I hope you ladies have no idea what you are doing. I hope you ladies are not being this controlling with him on purpose. I have been in his shoes as a woman and I have felt what he is feeling through my own experiences. It is hell to be put through what you are putting him through.
I always hear about men controlling women in the media. That this female celebrity was controlled and abused by this male celebrity. However I never hear the other way around, in fact, it is almost unheard of for a female celebrity to abuse her male companion. In the real world, women are just as abusive to their male partners and it needs to stop.
In the real world, women control who their guys talk to. In the real world, women hit their men. In the real world, women can cause emotional damage just as bad as the men. What you are doing is not right.
My guy friend "Austin" is currently being abused by his girlfriend and this is what I have to say to her:
'It is hell what you are doing. I see the pain in his eyes. I saw it last night at the gym when I wanted to make plans with a group of people, you and him included, and he had to purposely ignore me because of you.
My future husband is a close friend to him from college but he is my friend as well from high school and college too. Friend's do not purposely ignore each other and I saw one of the toughest men I know eyes tear up when he saw my tears silently fall down my face.
No one should have to go through that.
Your excuses of me being the problem have all been proven wrong. I am not trying to sleep with him since I am going to marry his friend and I had a chance to be with him and I did not take that chance. I still would not choose to do anything like that with him to this day.
You barely know anything about me except that I workout, have a man I am going to marry, what I look like, and my job. Yet you are looking for excuses because I sent a picture of the dress I was going to wear to dinner at a place that your boyfriend recommended to us...
Maybe the problem isn't me, maybe it's you.
From what I understand you have been through a lot with your past boyfriends. But you cannot treat someone who had nothing to do with that like crap. I know my friend cheated on you, and I am pissed about that. So much that I tried to fight him when I found out because he hurt you.
I defended you, the girl who hates my guts without even meeting me, because he hurt you. I have been cheated on, I know what it's like, it's a pain that never goes away. You can't abuse someone into being with you. That's not love, honey.
You have your faults as well. He can't be my friend, but you can go to the city and partake in a bar crawl with 15 other guys without him there.

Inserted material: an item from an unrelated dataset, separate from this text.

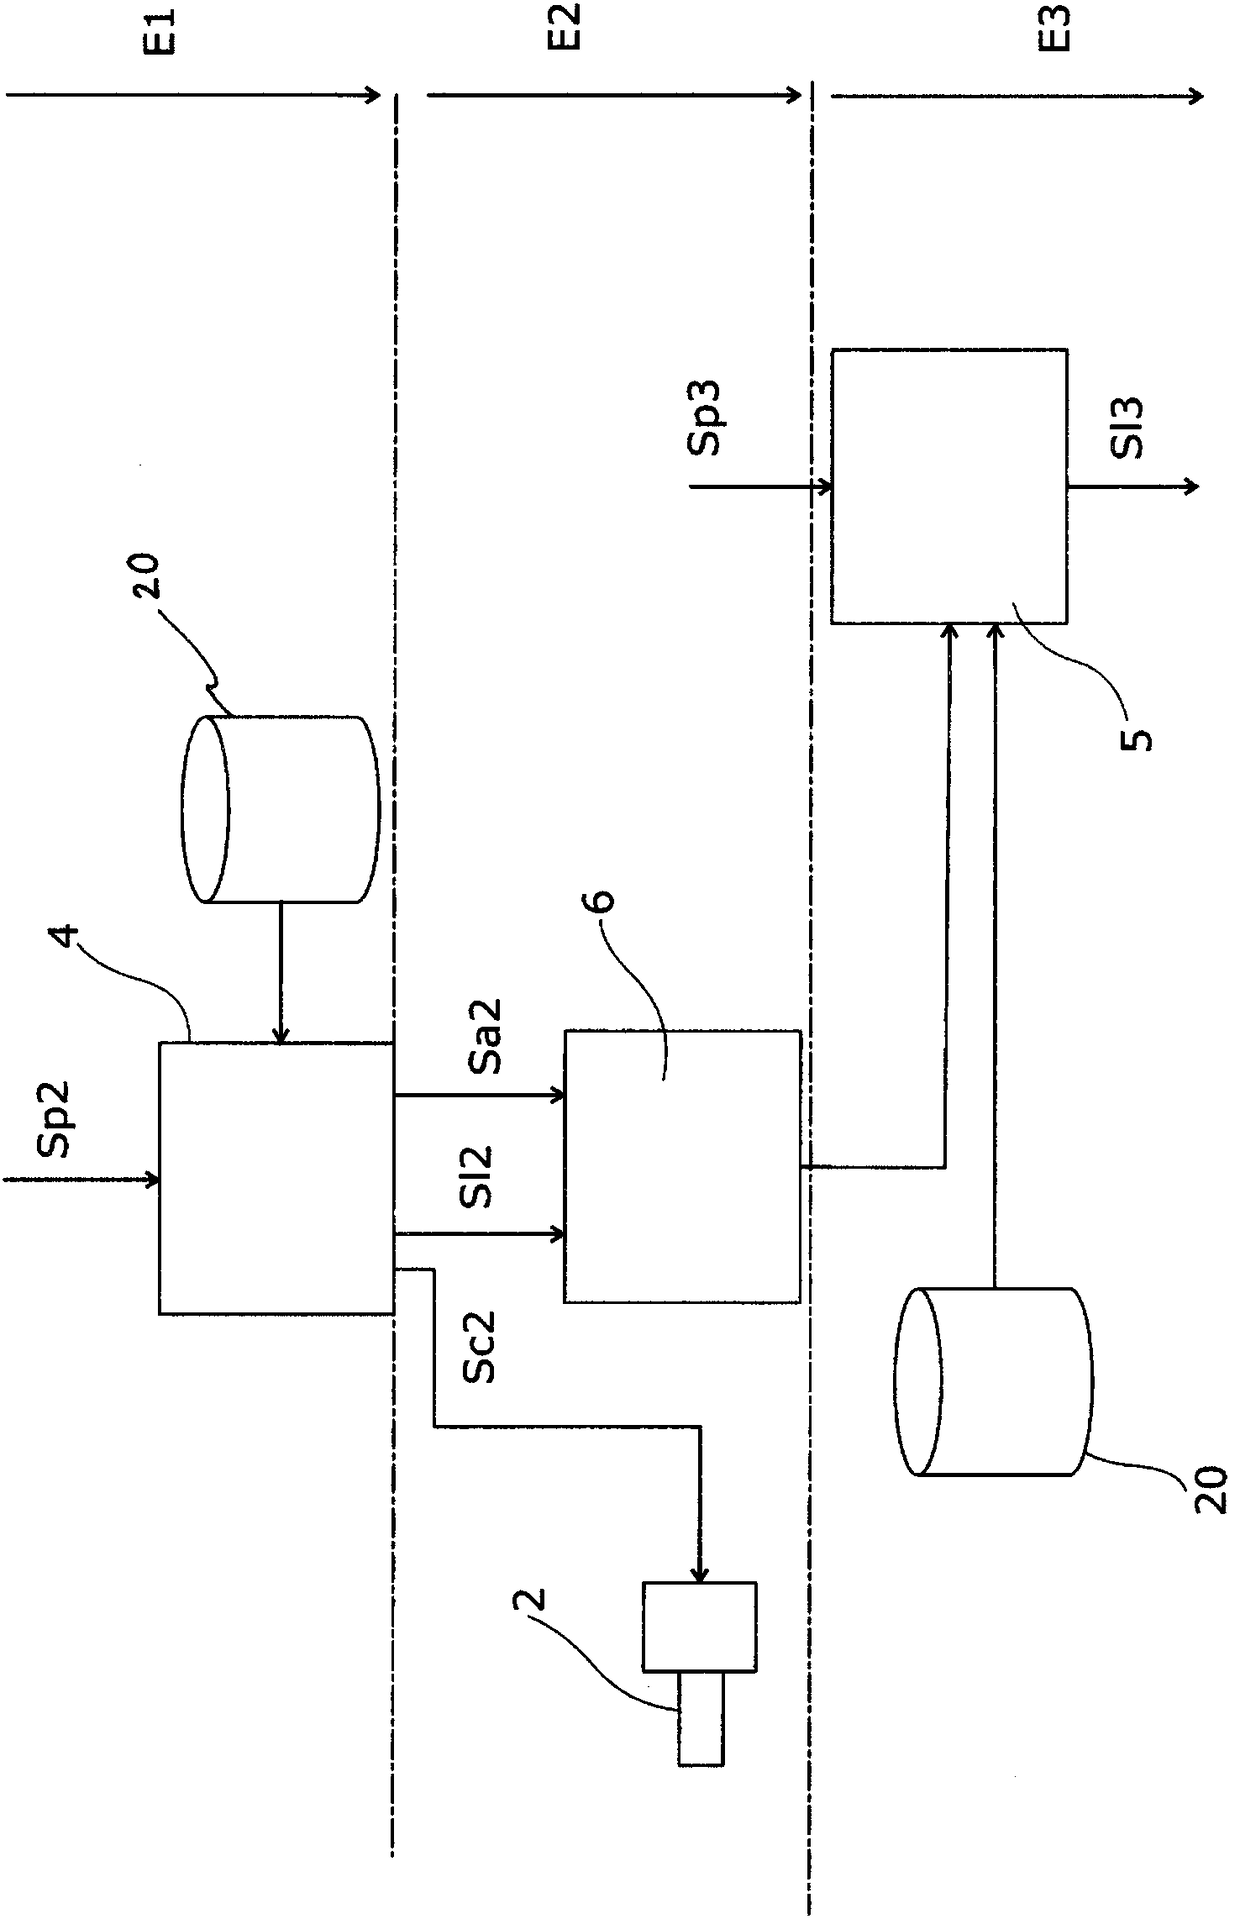 Method for automatically cutting off the engines of a twin-engine aircraft

You don't let him have his friends, but you can do something like that. I got your boyfriend clean from drugs, your friends got you drunk.

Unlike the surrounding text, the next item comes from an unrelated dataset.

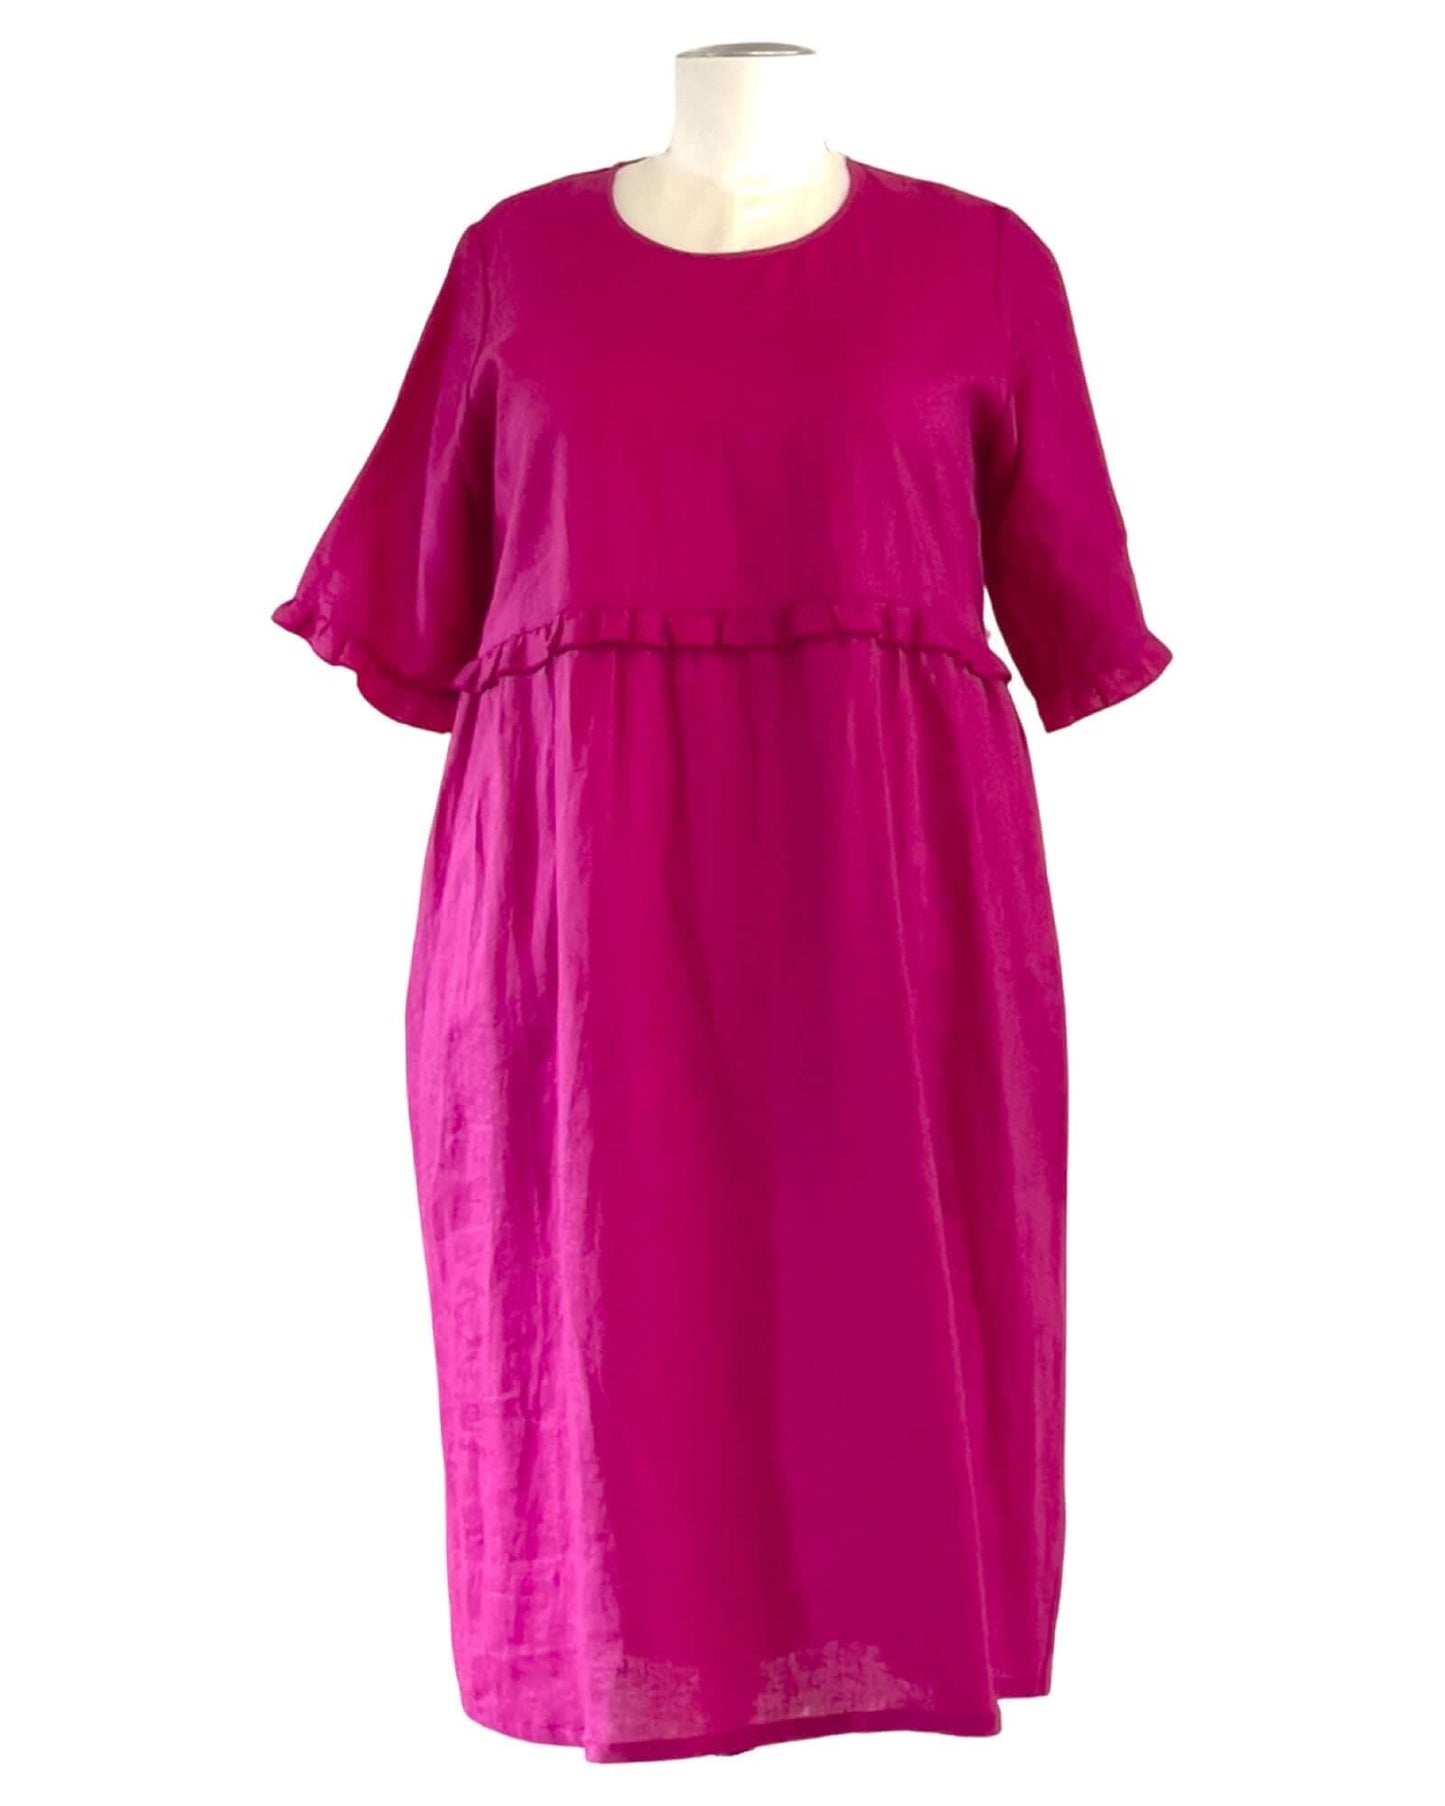 FRILLING & ABLE DRESS - Hot Pink

But according to you that doesn't matter.
It doesn't matter that I spent an hour on the phone at times with your boyfriend while he cried because you called him worthless for being fired. He needed you and you emotionally can't be there for him, or for anyone it seems; but you want people to be there for you...that's not how it works.'
A relationship like this doesn't work out for the best. This information stated above constitutes for this to be labeled as an abusive relationship by definition and that's only the stuff that happens in the open...not behind closed doors. Everyone knows what happens behind closed doors is way worse than what the light sees.
People have to learn to love themselves before they love someone else. I had to learn this from my abusive relationships. I am not perfect, but I had to make a change and fast before I could truly call my boyfriend my everything. I had a lot to let go from and I had a lot to talk about to others who offered me help that I needed. I wasn't gonna hurt my boyfriend because of what my exes did to me.
Pride is a deadly trait to have. To have that trait while being in an abusive relationship, whether the receiver or the giver of that abuse, can end up being the reason why someone dies.
Relationships are hard today when it comes to being emotionally responsible for another human being. That is the underlining basis of a relationship; to be emotionally responsible for someone's happiness.
If you cannot make that person healthier, happier, or make them feel more loved, then you should not be together. Plain and simple my friend should not be with this girl because of the abuse, but he wont listen to the signs and the warnings given not only by me but by other men as well.
Men have a harder time with this because they cannot come out and tell their guy friends that their female partner is being abusive to them. Abuse does not have to be just physical and men have emotions and feelings too.
Their feelings and emotions matter and they should not be put down. If they are put down by their female, then they should be treated just like if a woman was being put down by her male partner.
Emotions do not care if you are male or female (or whatever you identify with,) emotions are the same for everyone. Treat them as such. A man should be able to say he's being abused and not have this stigma that he is not a man once he comes out and say this.
He should be treated just the same as a woman would and be offered the same help as a woman would be offered. Yet for some reason our society has to belittle these men who admit they are in an abusive relationship while they are the ones being abused.
My friend needs the help he deserves in this, but there is nothing for him. He has the body of a pro-athlete and she's maybe 140lbs soaking wet. He would be turned away at any help he tries to receive. He has no where to go if this gets worse and it's society's fault why this happens.
Men get abused too.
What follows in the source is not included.